New Vatican Document on Finance Doesn’t Read Like a Bernie Sanders Pamphlet

By John Zmirak Published on May 21, 2018

This week we received a new Vatican document on the economy. Its title is gripping. “Considerations for an Ethical Discernment Regarding Some Aspects of the Present Economic-Financial System.”

My reaction was the same as yours, I’m sure. It was something like, “Oh good! The online pharmacy which calls itself ‘Canadian’ is calling again from Bangalore. That’s only the third time this week. I bought something from them once 12 years ago. Why wouldn’t they check in with me 150 times per year? You know, just to be on the safe side?”

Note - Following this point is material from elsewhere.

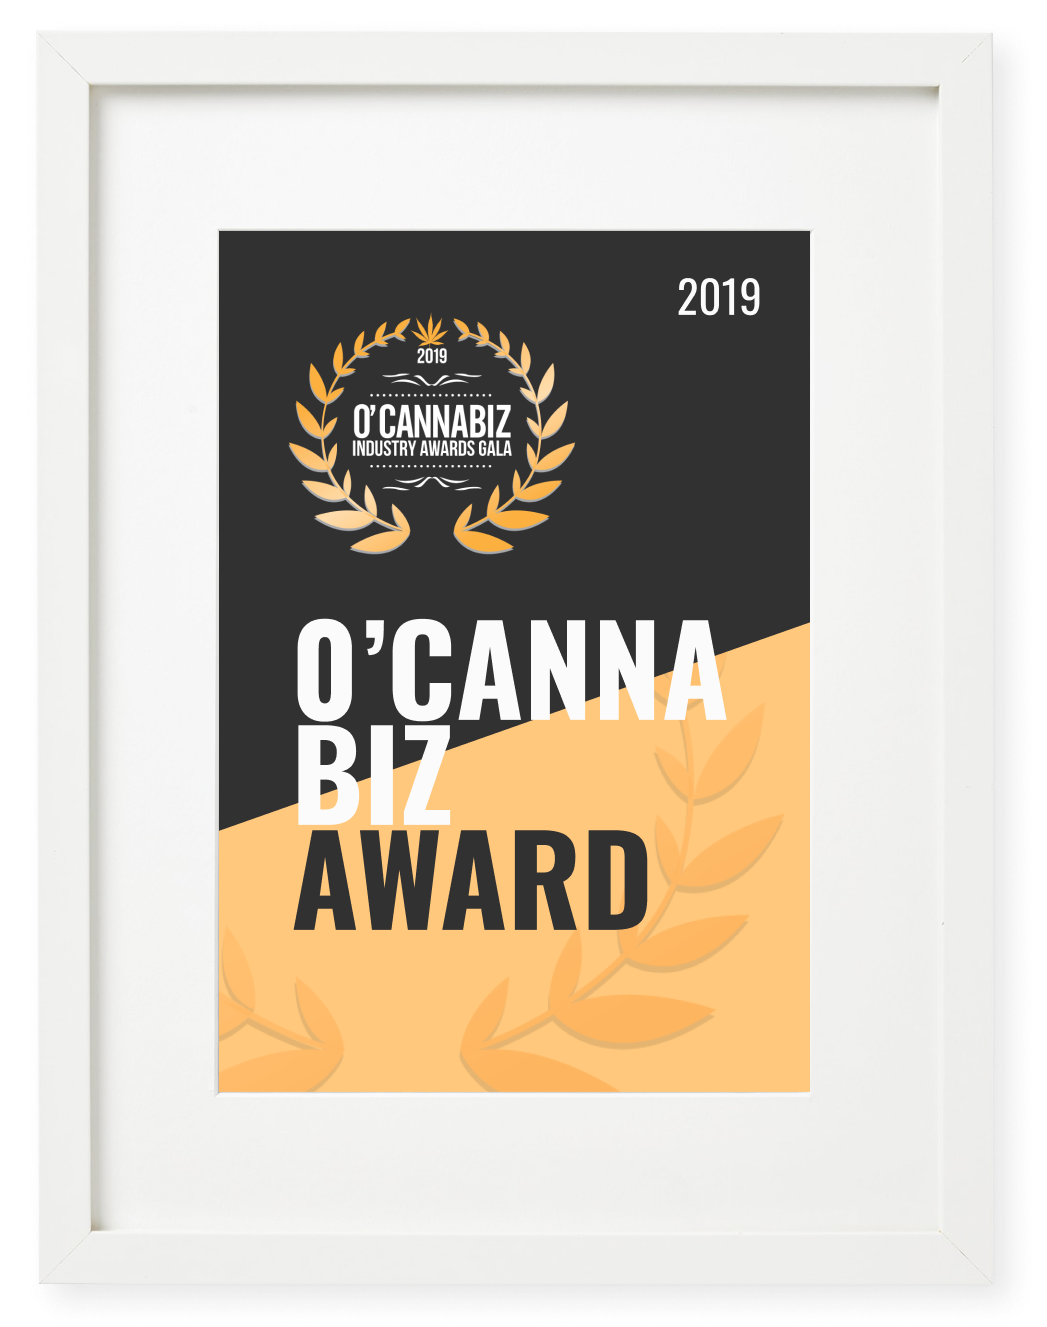 O'Cannabiz Award

I’ve written here before about the problem. A reckless moralism displaces morality in too many Vatican documents. The difference? Then-Cardinal Josef Ratzinger said it best.  “A morality that believes itself able to dispense with the technical knowledge of economic laws is not morality but moralism. As such it is the antithesis of morality.”

“Oh good! The online pharmacy which calls itself ‘Canadian’ is calling again from Bangalore.”

China Good, America Bad

That’s surely the best way to describe what Bishop Marcelo Sánchez Sorondo offers. He’s the head of both the Vatican’s offices for science and for social sciences. And he has chalked up quite a record. In 2015, he said that Pope Francis’ opinion on climate science amounts to Catholic doctrine. It’s just as binding as the Church’s 2,000-year-old horror of abortion. In 2018, he praised church-smashing Communist China. (That’s the land of mandatory abortions, political prisons and the Two Child Policy.) Sorondo called it a better example of Catholic social teaching than … the United States of America.

So pardon me for having low expectations. But the new Vatican document mostly exceeds them. Or so Acton Institute scholar Sam Gregg reports. It still has problems (as we’ll see). Still, the latest document from Rome shows a surprising grasp of detail, according to Gregg.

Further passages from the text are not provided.